No final da década de 60 do século passado, após a realização de experimentos que hoje seriam denunciados por todas as associações em defesa dos animais, o conceito de Desamparo Aprendido foi descrito pelo psicólogo Martin Seligman.

Durante sua investigação, Seligman se dedicou a submeter a choques elétricos um grupo de cães, que nada podiam fazer para escapar (estavam fortemente amarrados por guias). Alguns cães conseguiram parar o choque pressionando uma alavanca, enquanto outros a mantiveram desabilitada, de forma que não havia nada que pudessem fazer para parar de receber a dor.

Martin Seligman investigou até que ponto achamos que somos livres para escapar.

Em uma segunda fase desse experimento, Seligman descobriu que os cães que não tinham sido capazes de controlar seu destino, quando livres de suas coleiras, não agiam para evitar choques. De acordo com Seligman, os cães não escaparam porque acreditavam firmemente que não havia nada que pudessem fazer para se livrar de qualquer tipo de dano que pudessem receber.

Jorge Bucay explica perfeitamente o conceito de Desamparo Aprendido na sua parábola do elefante que, quando criança, foi acorrentado a uma estaca de madeira cravada no chão e que, com os anos e já se transformou num poderoso elefante adulto, embora com a sua força pudesse tendo puxado a estaca sem problemas, ele não fez nada para escapar do cativeiro.

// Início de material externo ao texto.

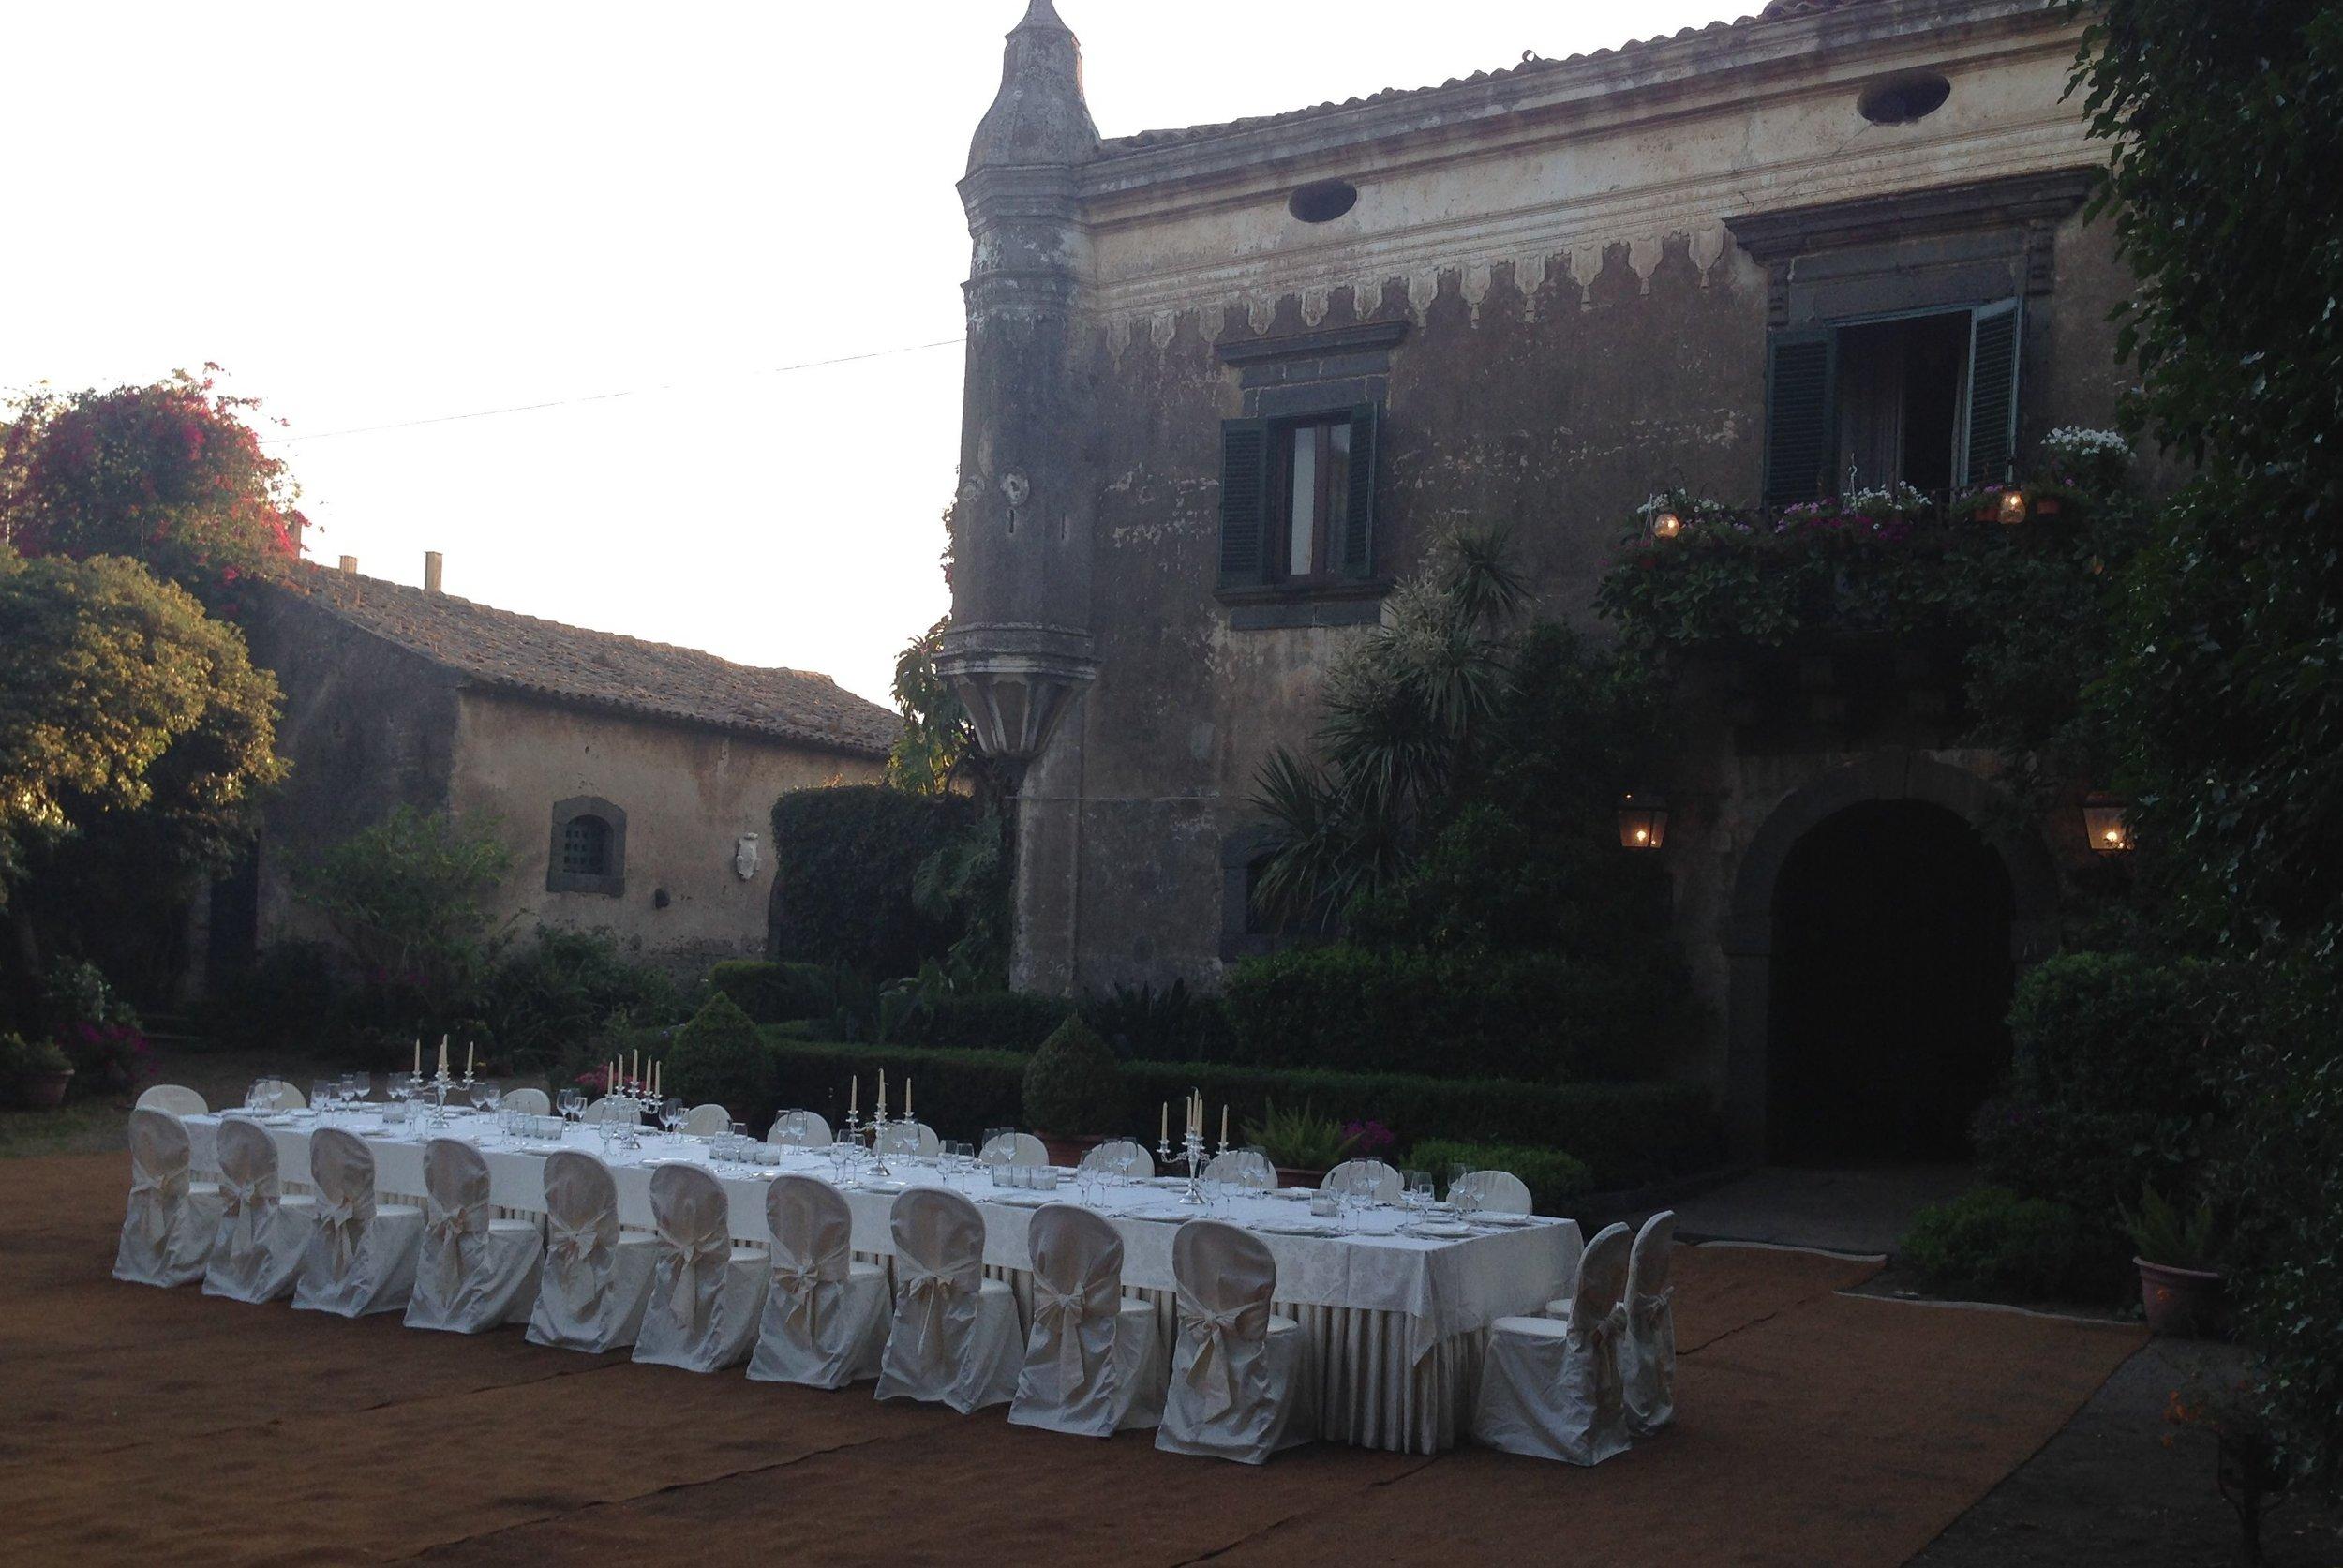 Ikke noe er som Al Fresco dining i spektakulære omgivelser

Em seus primeiros anos de vida, o elefante havia internalizado a ideia e aprendido que era inútil fazer qualquer esforço para escapar, então se desconectou de seu verdadeiro eu e se resignou a ser amarrado para o resto de sua vida.

Transferindo essa mesma ideia para seres humanos, profissionais de saúde mental e, portanto, saúde emocional, nos encontramos em nossas consultas com muitas pessoas que vivem em estado depressivo perpétuo e que não conseguem tomar medidas para acabar com as agressões que recebem por familiares ou colegas de trabalho.

O caso de María Teresa

Maria Teresa foi uma dessas pessoas. Ela tinha quase 60 anos quando decidiu vir ao meu escritório para trabalhar num estado de “estagnação”, como ela me descreveu, do qual não conseguia sair. Ela era enfermeira e, ao longo de sua carreira profissional, viu outras colegas, mais jovens e menos preparadas, promoverem e acessarem cargos que lhe correspondiam.

María Teresa nunca encontrou forças e coragem para protestar, sempre se sentiu inferior aos outros e, quando surgiu a oportunidade de promoção, teve a certeza de que não valia a pena, nem mesmo, candidatar-se ao cargo que foi oferecido.

Ao longo de sua vida, Maria Teresa muitas vezes encontrou pessoas que a menosprezaram e minaram sua auto-estima a ponto de nunca se sentir digna de nada de bom.

Em sua infância, teve que suportar, durante anos, que sua avó, com quem vivia, não parava de compará-la com seus primos.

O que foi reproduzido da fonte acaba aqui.